### [PROBLEM TO WORK ON]
Transcribe the data underneath exactly. No images belong in your version.
START SUPPLIED INFORMATION
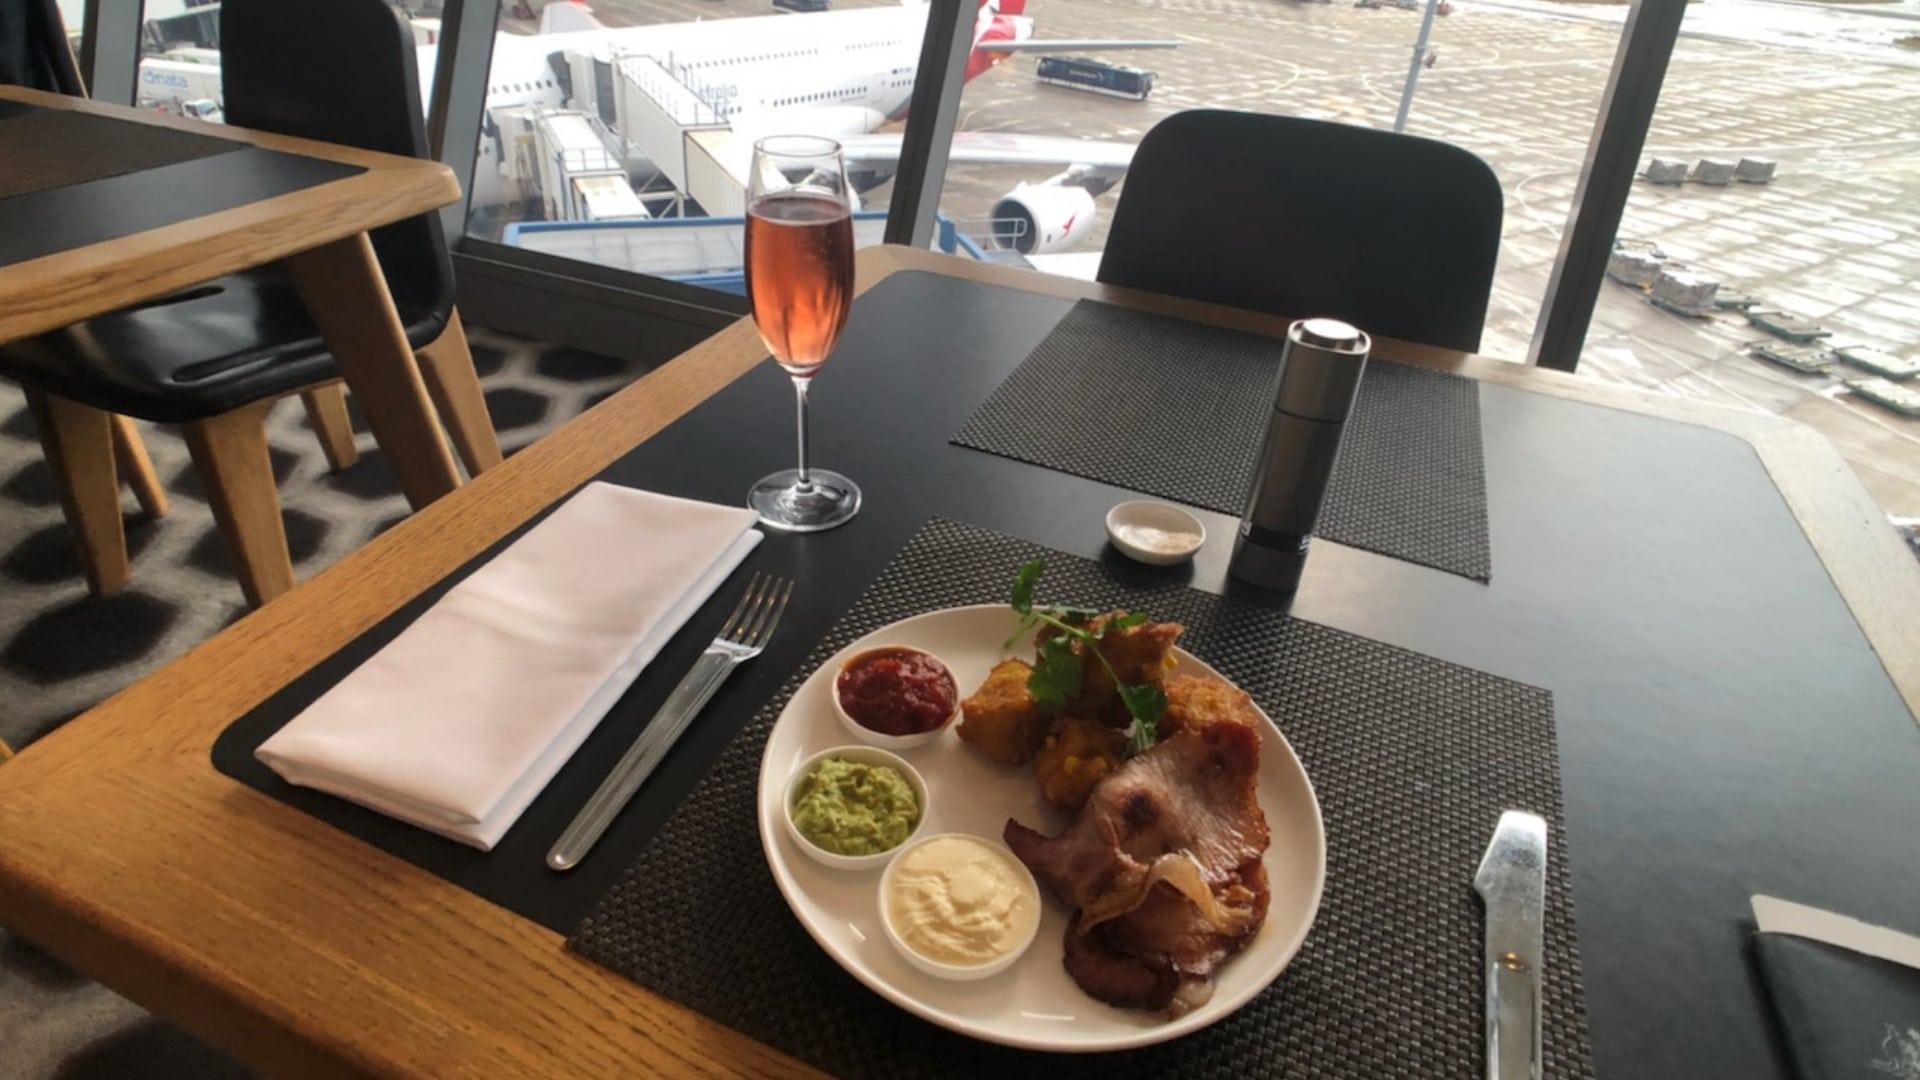 qantas first class lounge meal
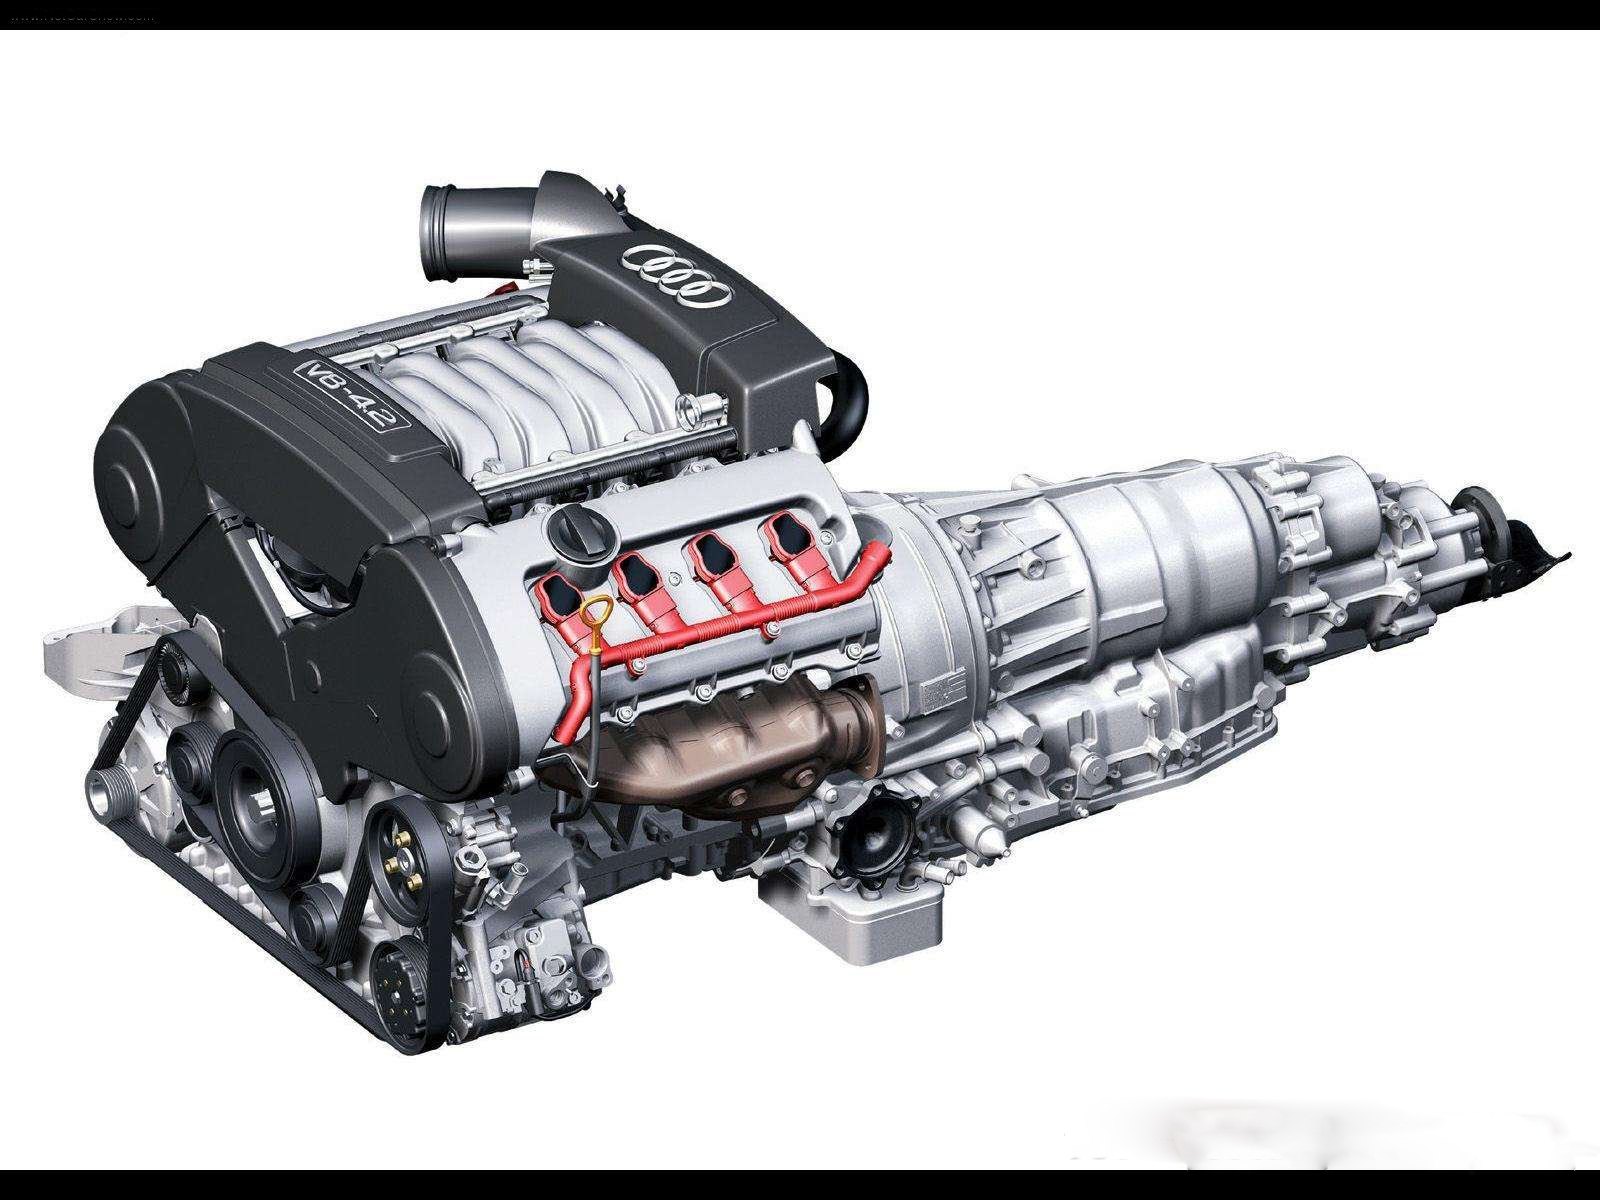 2010 Audi A8 Engine Diagram Transmission Car Wiring Diagrams 4 2 Schematic U2022 Rh Arcomics Co A4
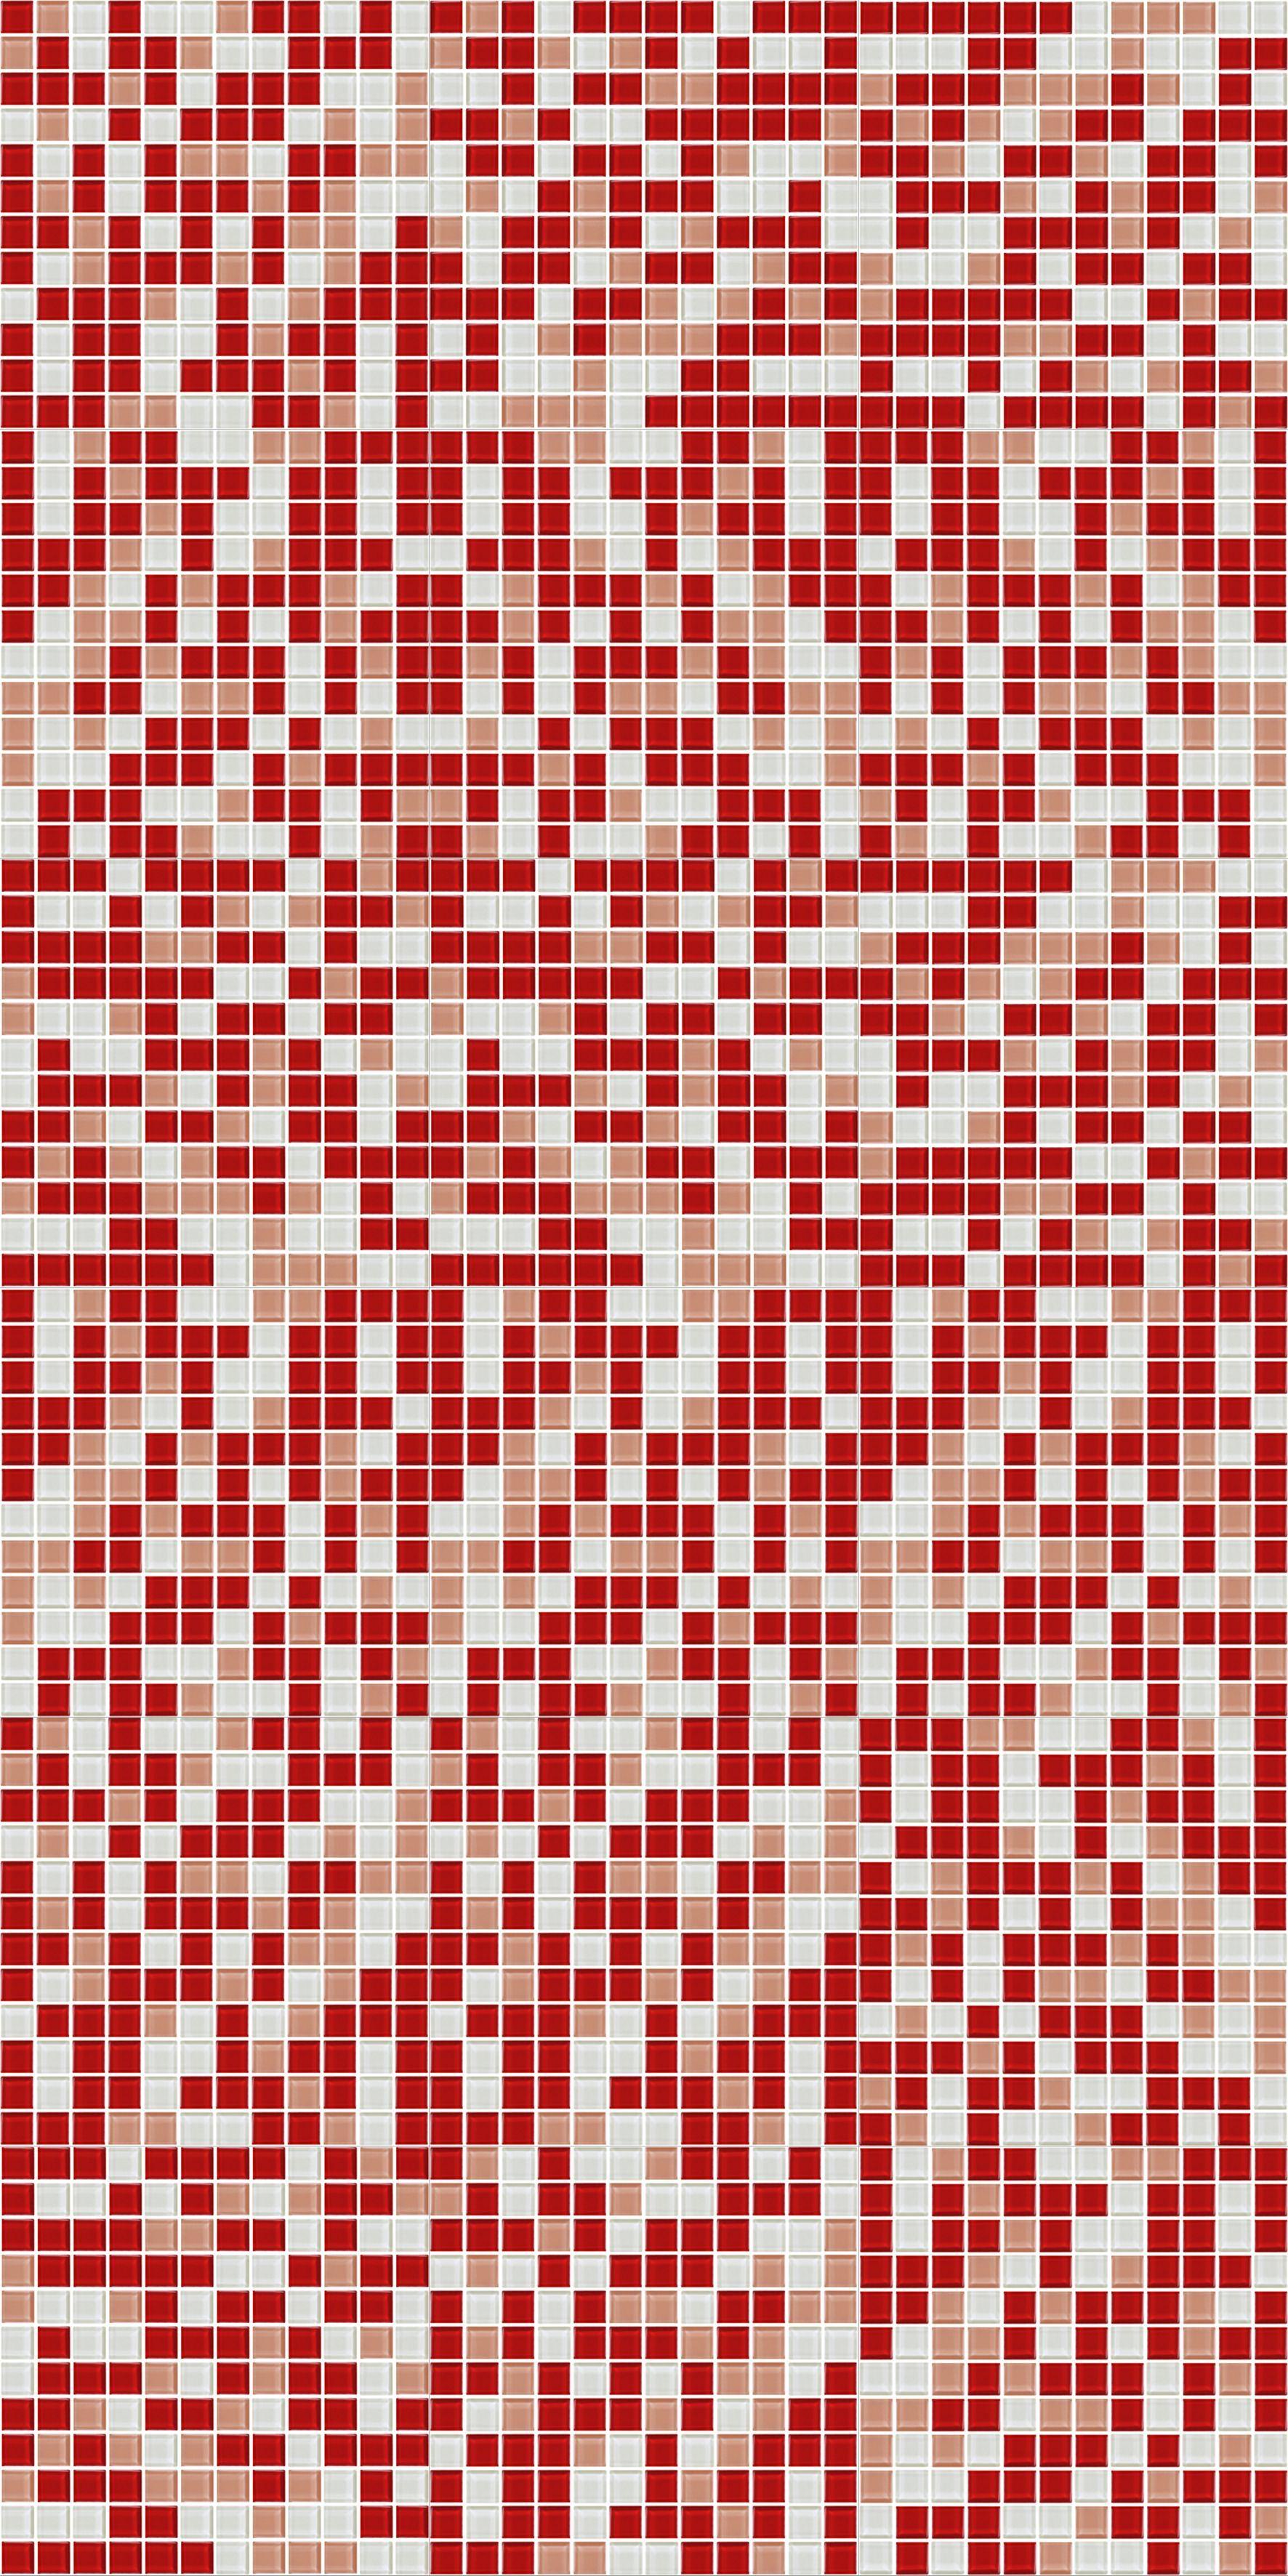 adesivo pastilha vermelha frete gratis adesivo adesivo pastilha  #A80808 1772x3544 Banheiro Com Pastilha Vermelho
END SUPPLIED INFORMATION
### [RESULT OF THE EXERCISE]
 qantas first class lounge meal
 2010 Audi A8 Engine Diagram Transmission Car Wiring Diagrams 4 2 Schematic U2022 Rh Arcomics Co A4
 adesivo pastilha vermelha frete gratis adesivo adesivo pastilha  #A80808 1772x3544 Banheiro Com Pastilha Vermelho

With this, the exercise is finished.